• _Exercise instructions_: Leave out all pictures. Extract exactly the lines from the one containing "گزارش ویژه و" through the end of the data.

• _Information shown_:

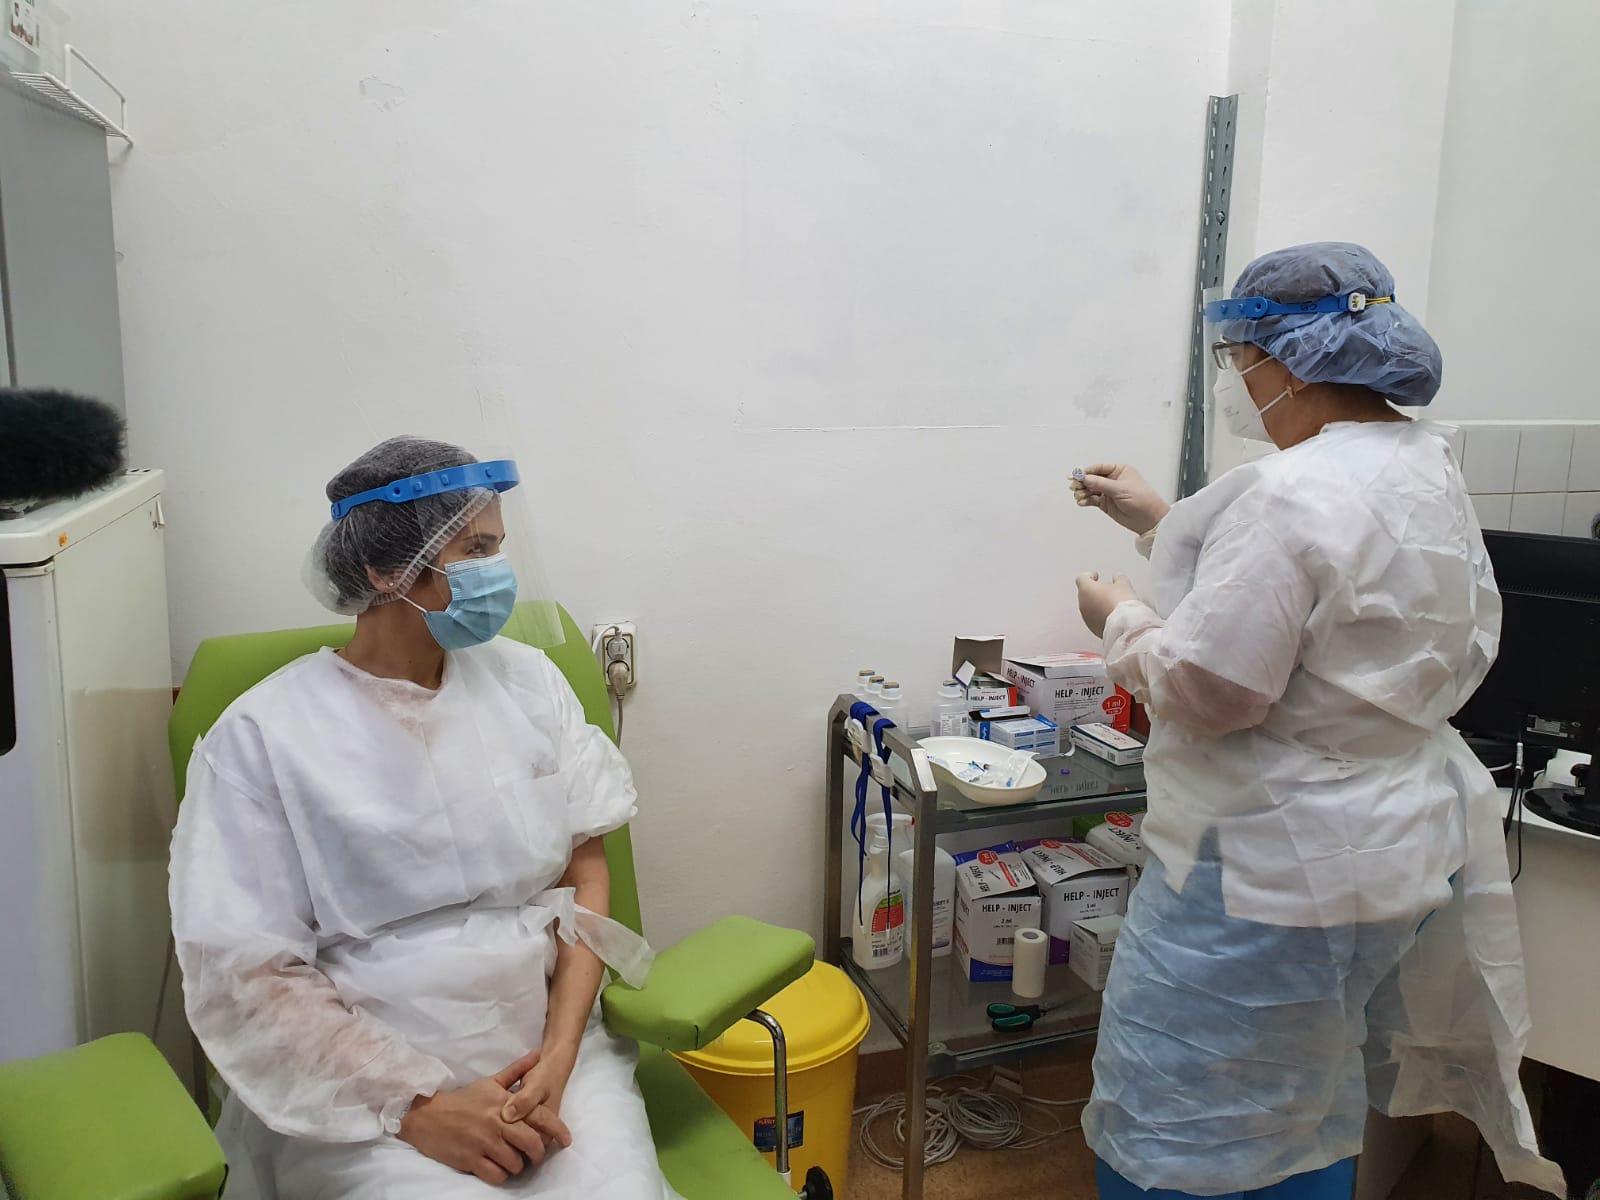 Spitalele COVID din Brașov ar urma să înceapă vaccinarea personalului în ultimele ore ale acestui an – Biz Brasov
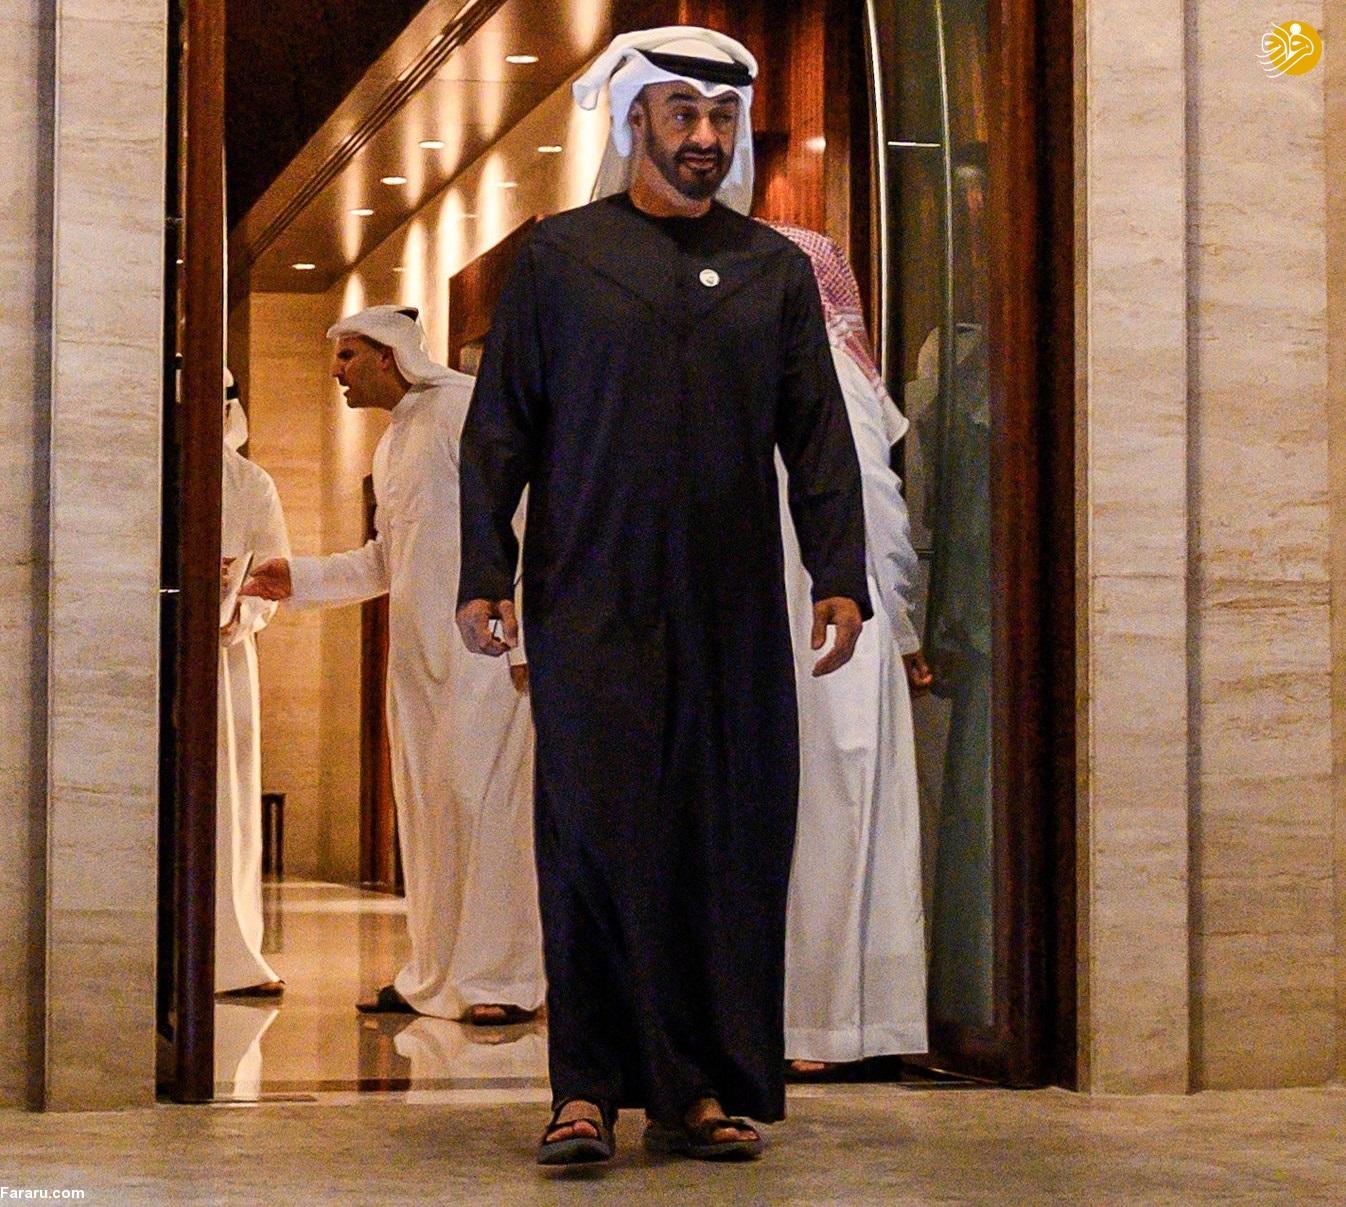 گزارش ویژه و خواندنی از قدرتمندترین رهبر عرب که چاق نیست
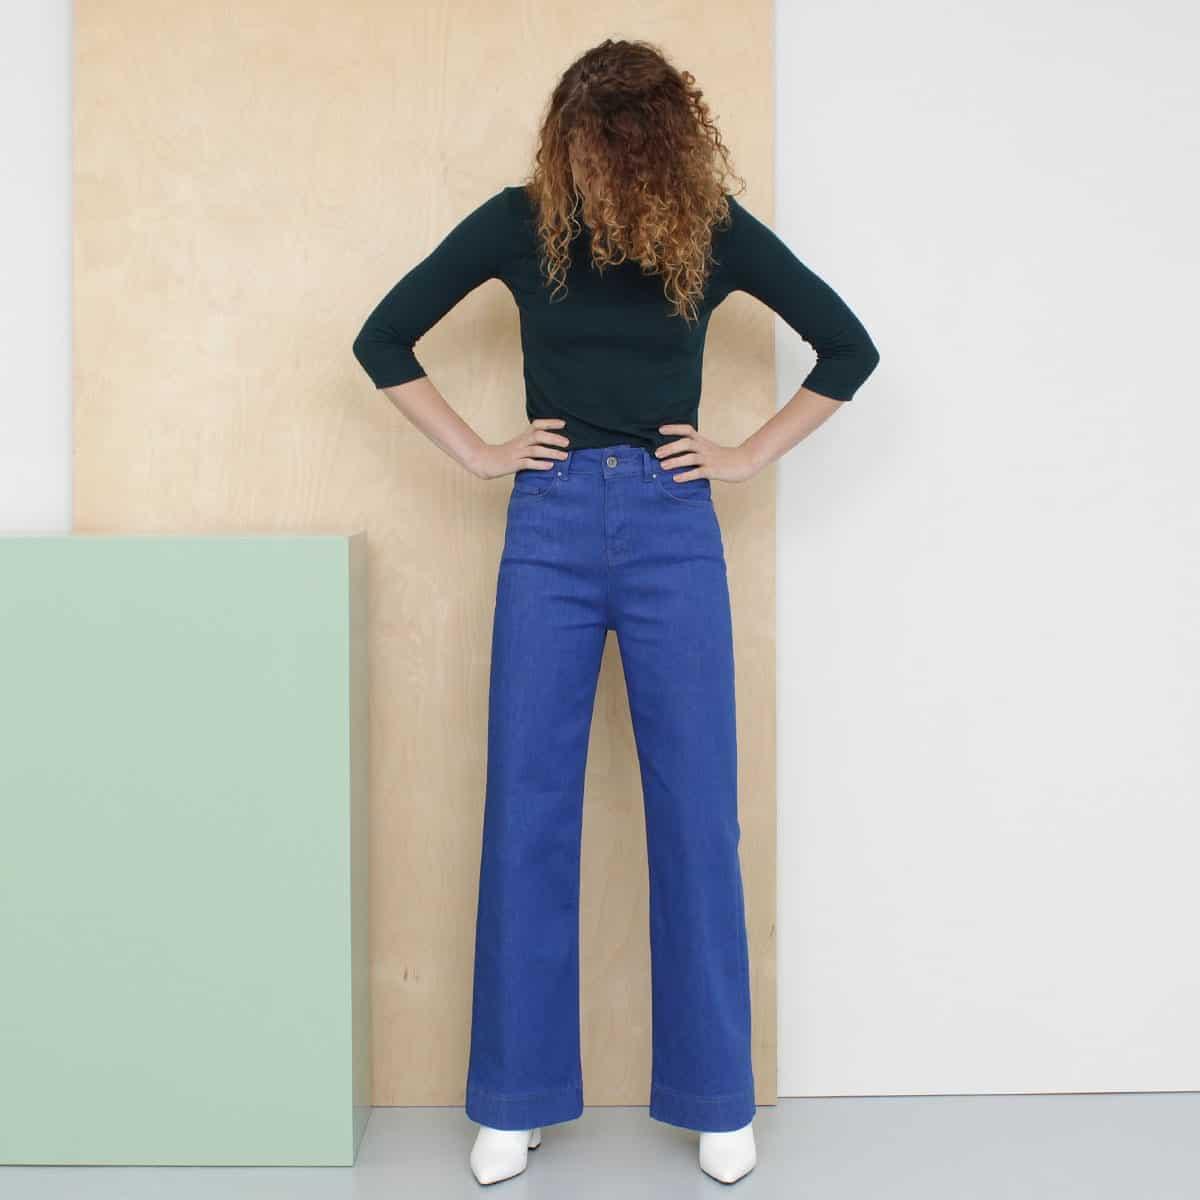 Duurzame spijkerbroeken merken Joline Jolink

• _Answer for the task_:
 گزارش ویژه و خواندنی از قدرتمندترین رهبر عرب که چاق نیست
 Duurzame spijkerbroeken merken Joline Jolink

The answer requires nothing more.